* **EXERCISE PROMPT**
Transcribe everything in the listing as written, and let no image into the copy.

[Opening DATASET CONTENT section]

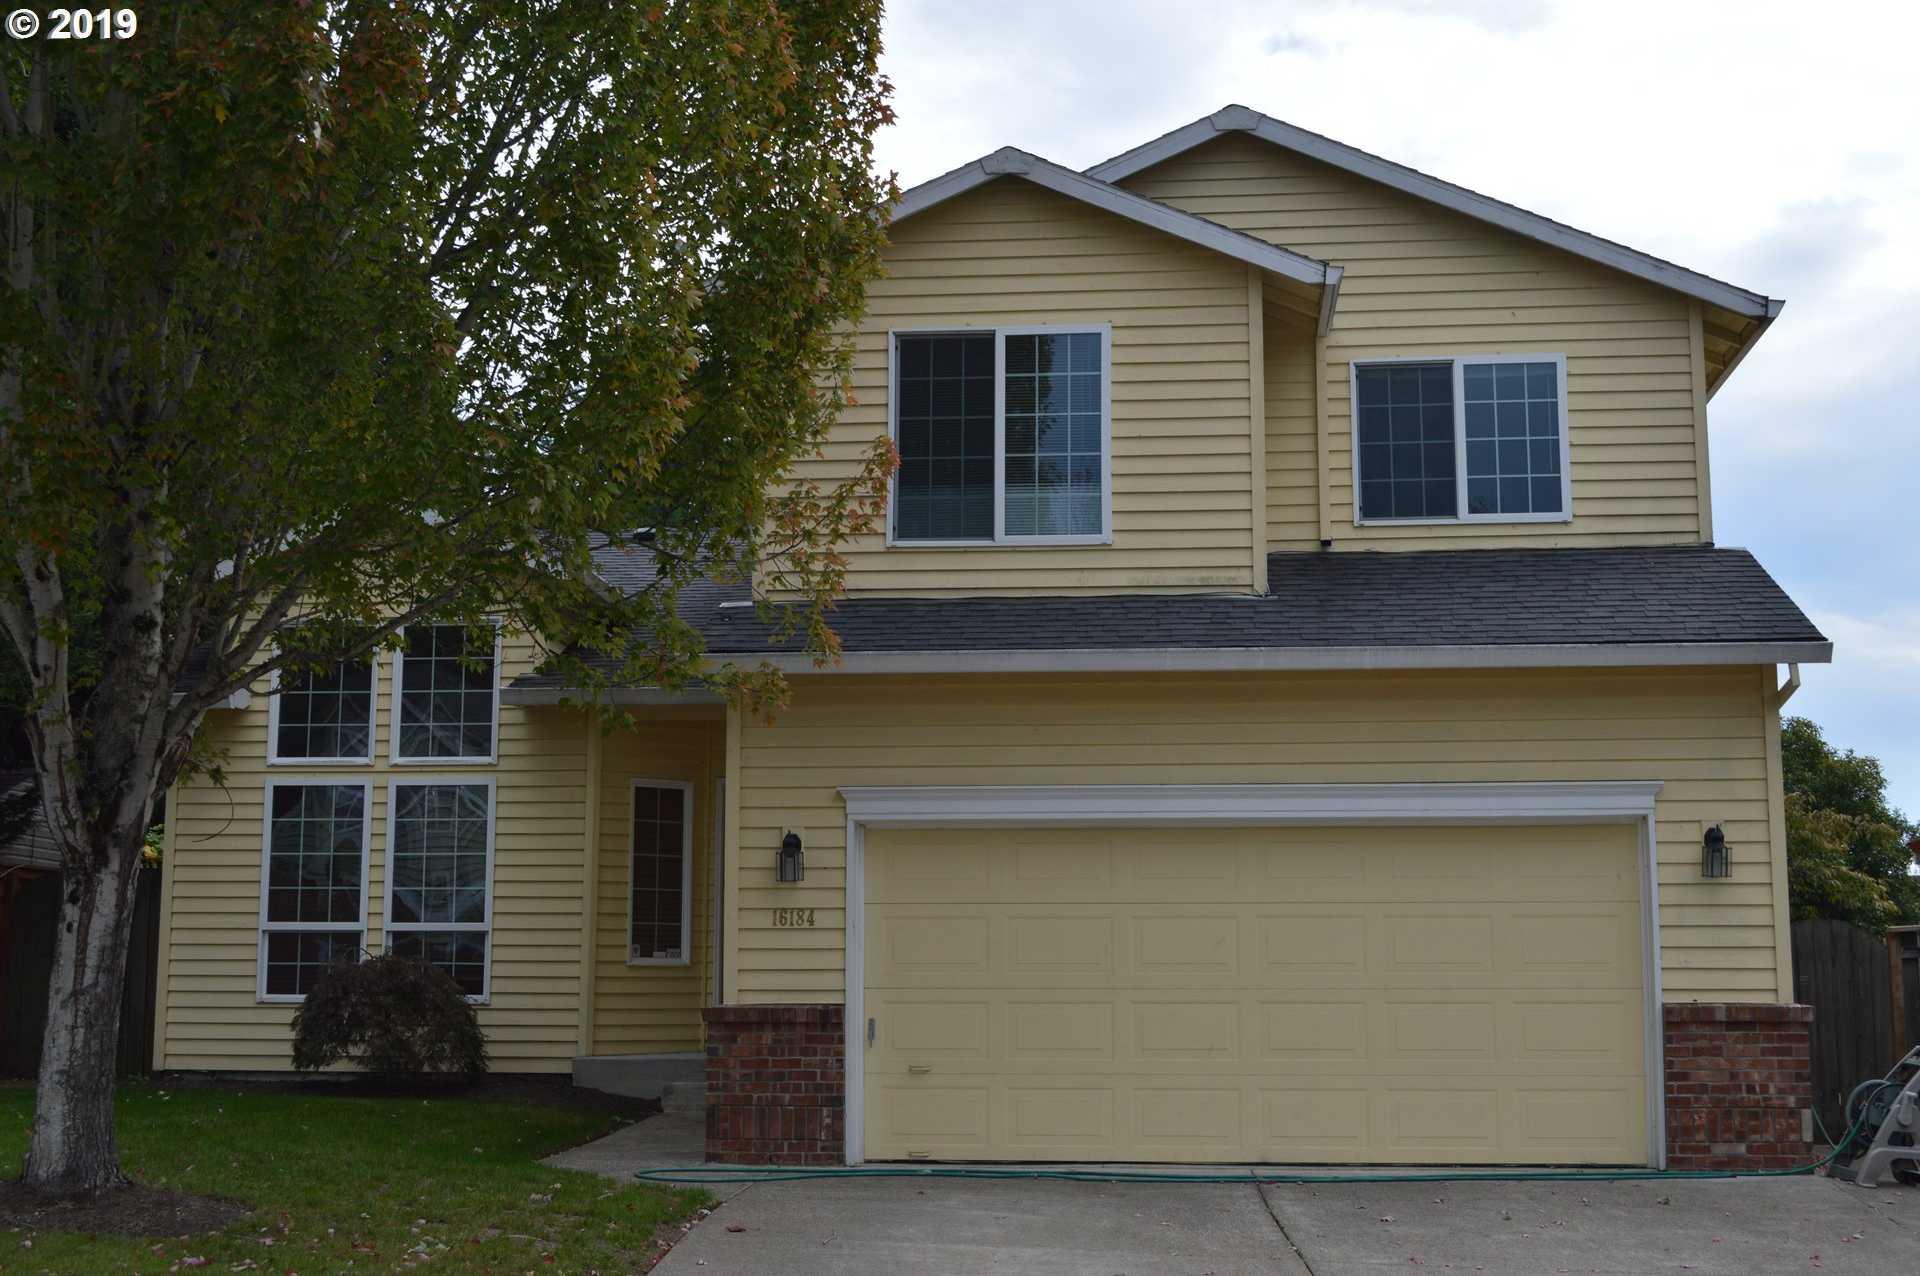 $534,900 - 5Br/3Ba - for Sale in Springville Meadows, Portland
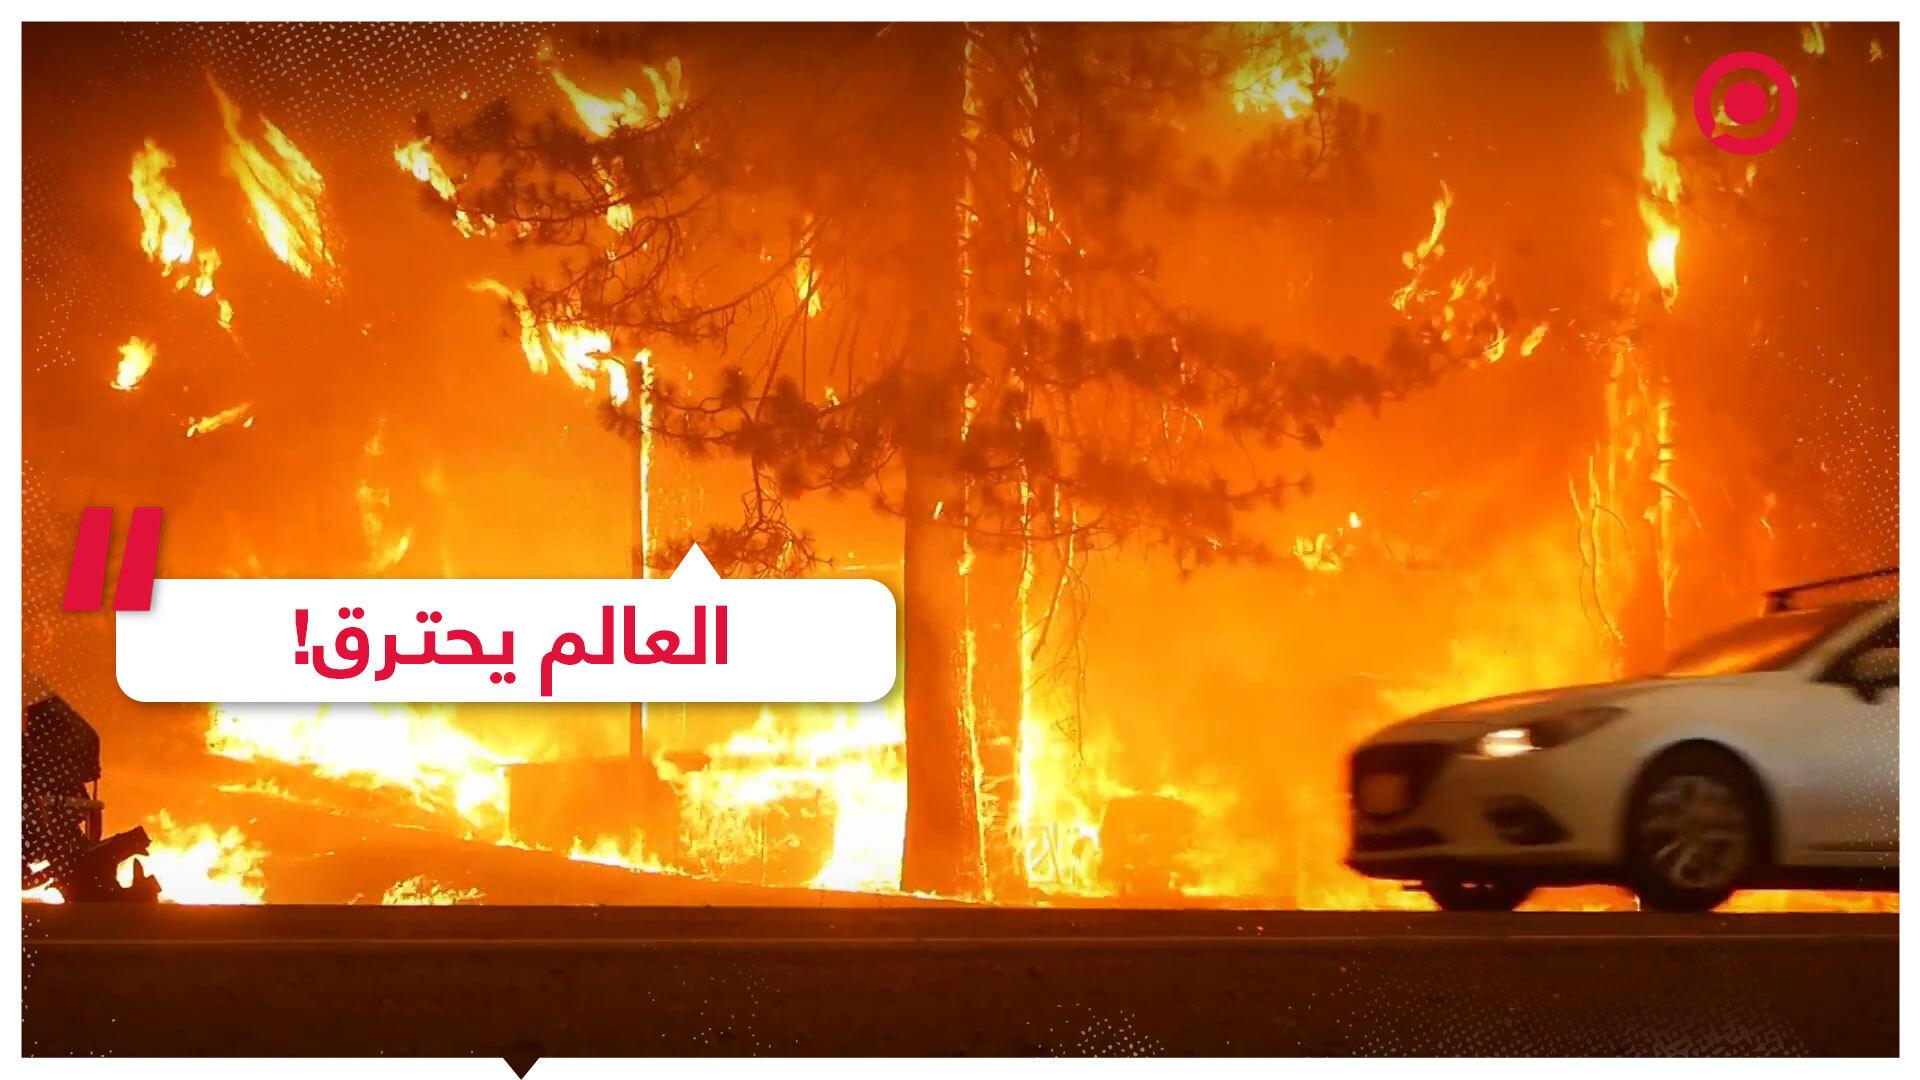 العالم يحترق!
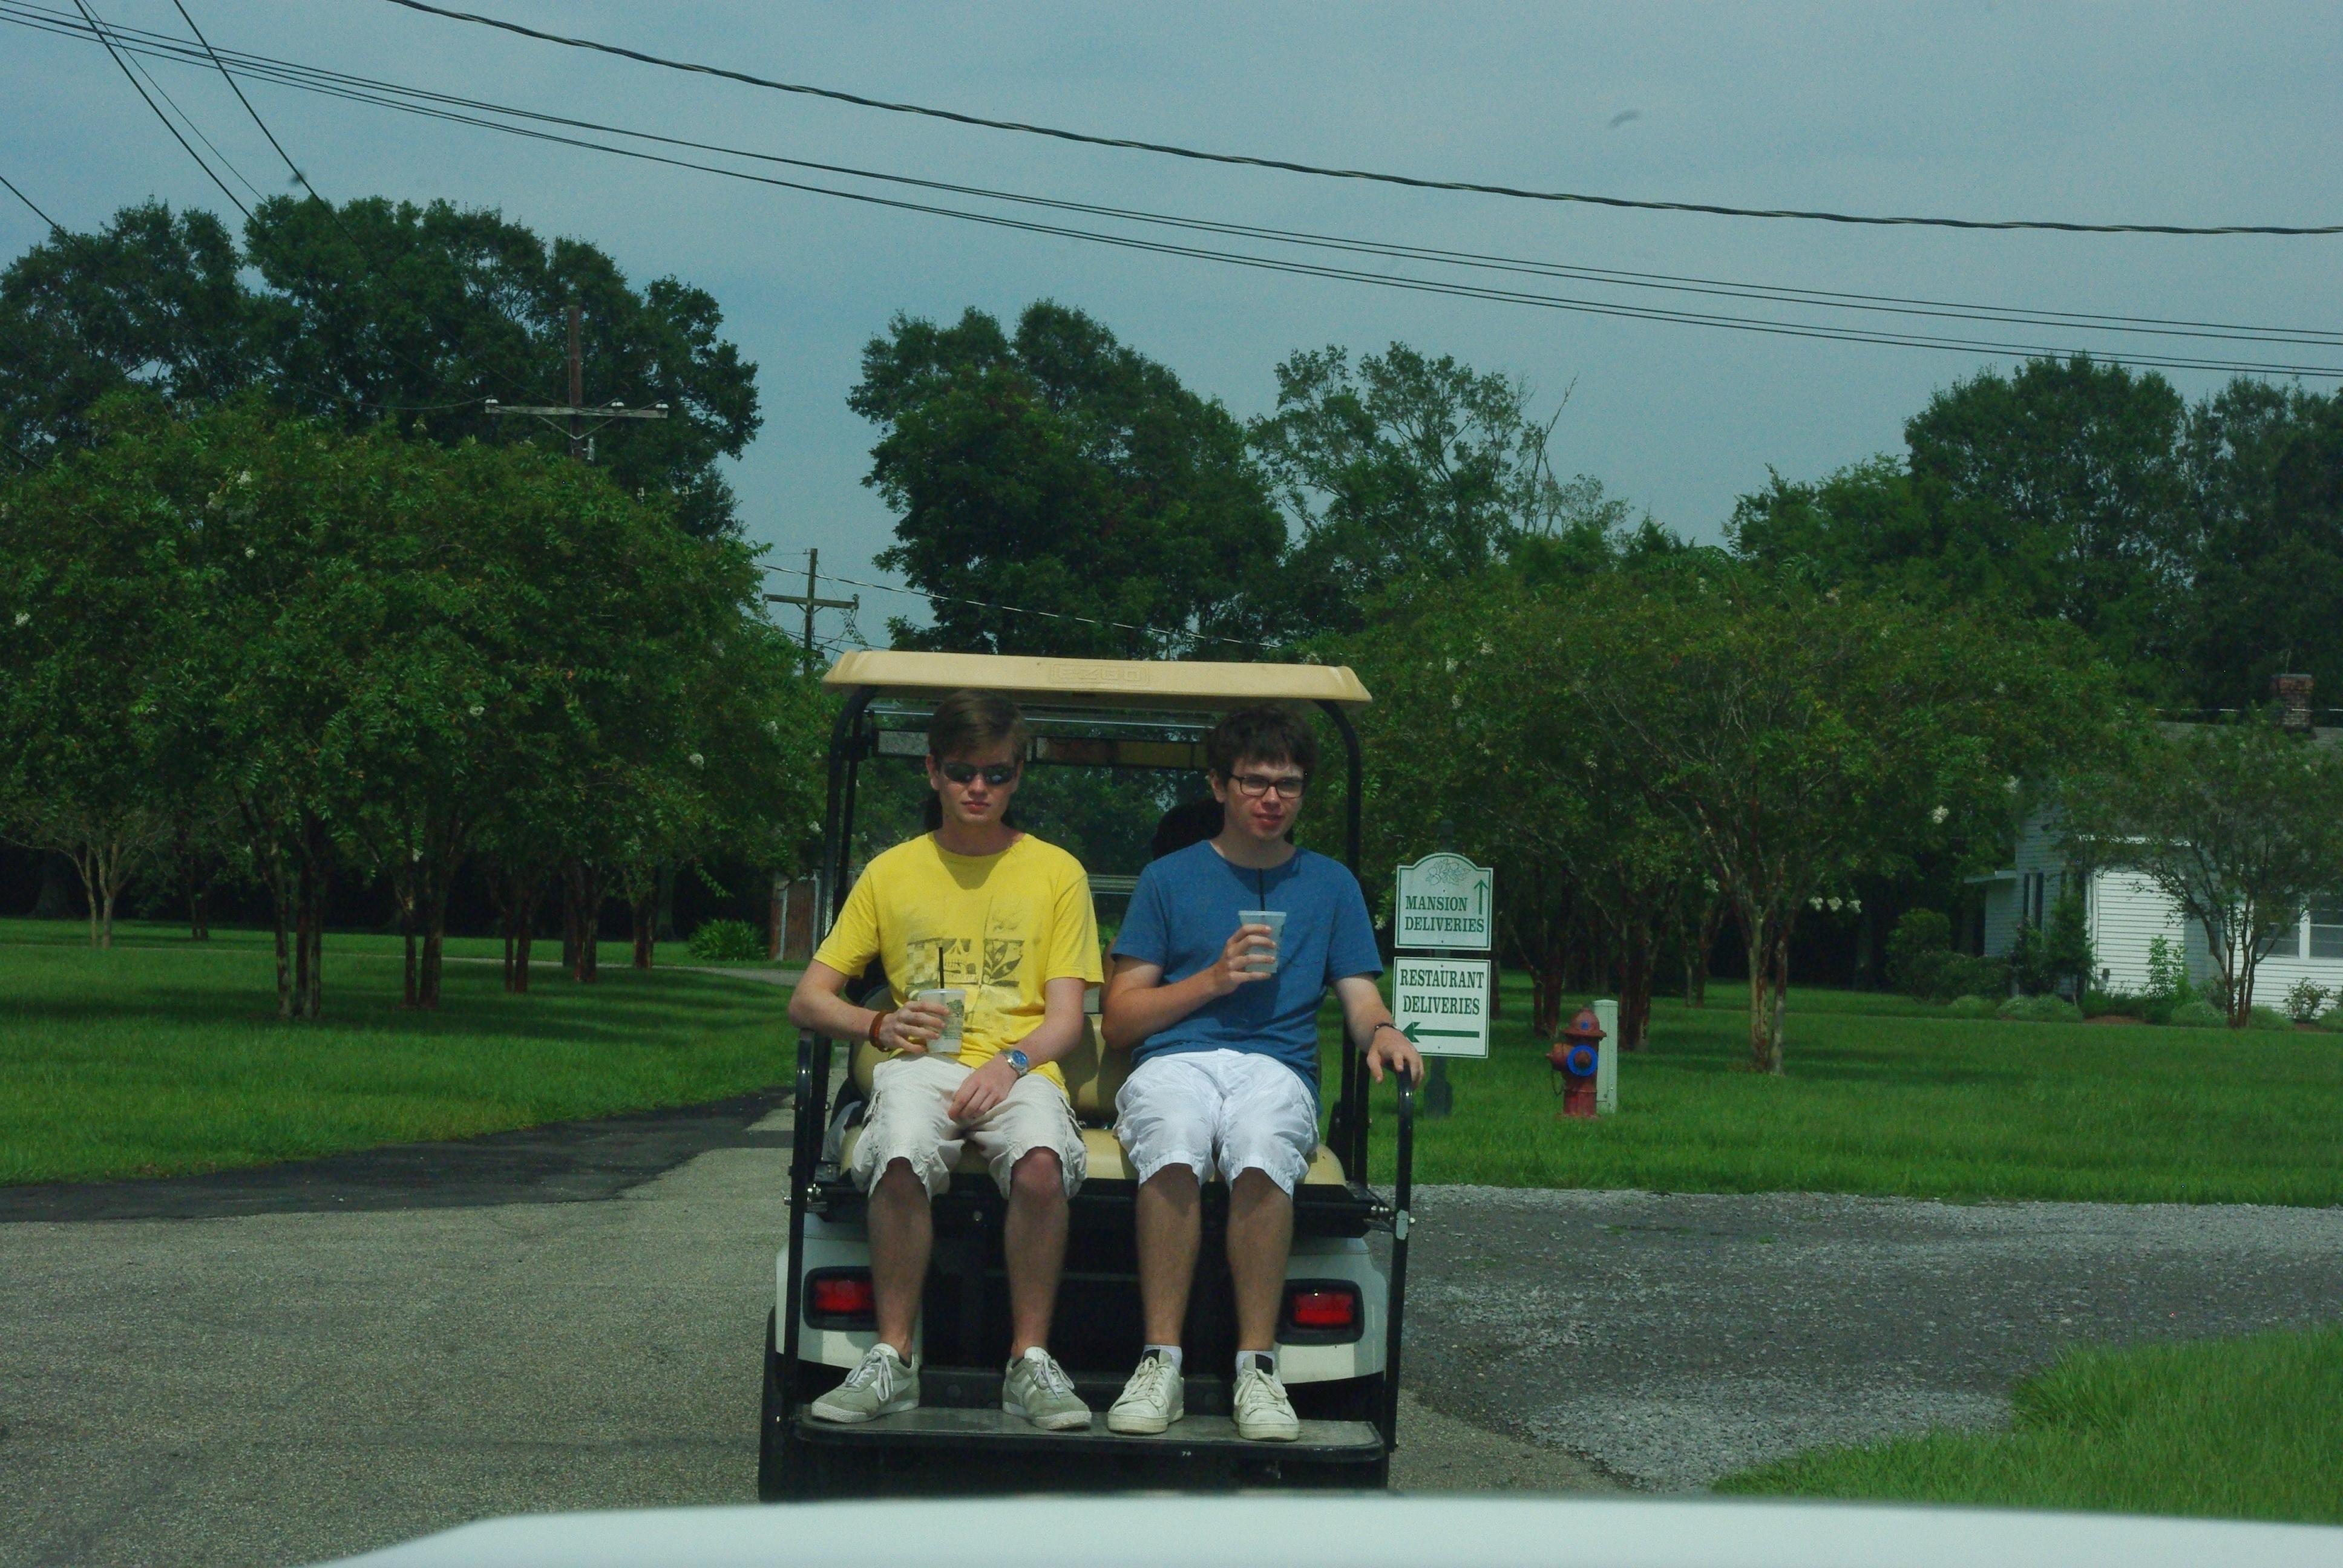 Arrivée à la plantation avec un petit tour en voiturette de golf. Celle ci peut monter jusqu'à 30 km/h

[Closing DATASET CONTENT section]

* **SOLUTION TO THIS PROBLEM**
 $534,900 - 5Br/3Ba - for Sale in Springville Meadows, Portland
 العالم يحترق!
 Arrivée à la plantation avec un petit tour en voiturette de golf. Celle ci peut monter jusqu'à 30 km/h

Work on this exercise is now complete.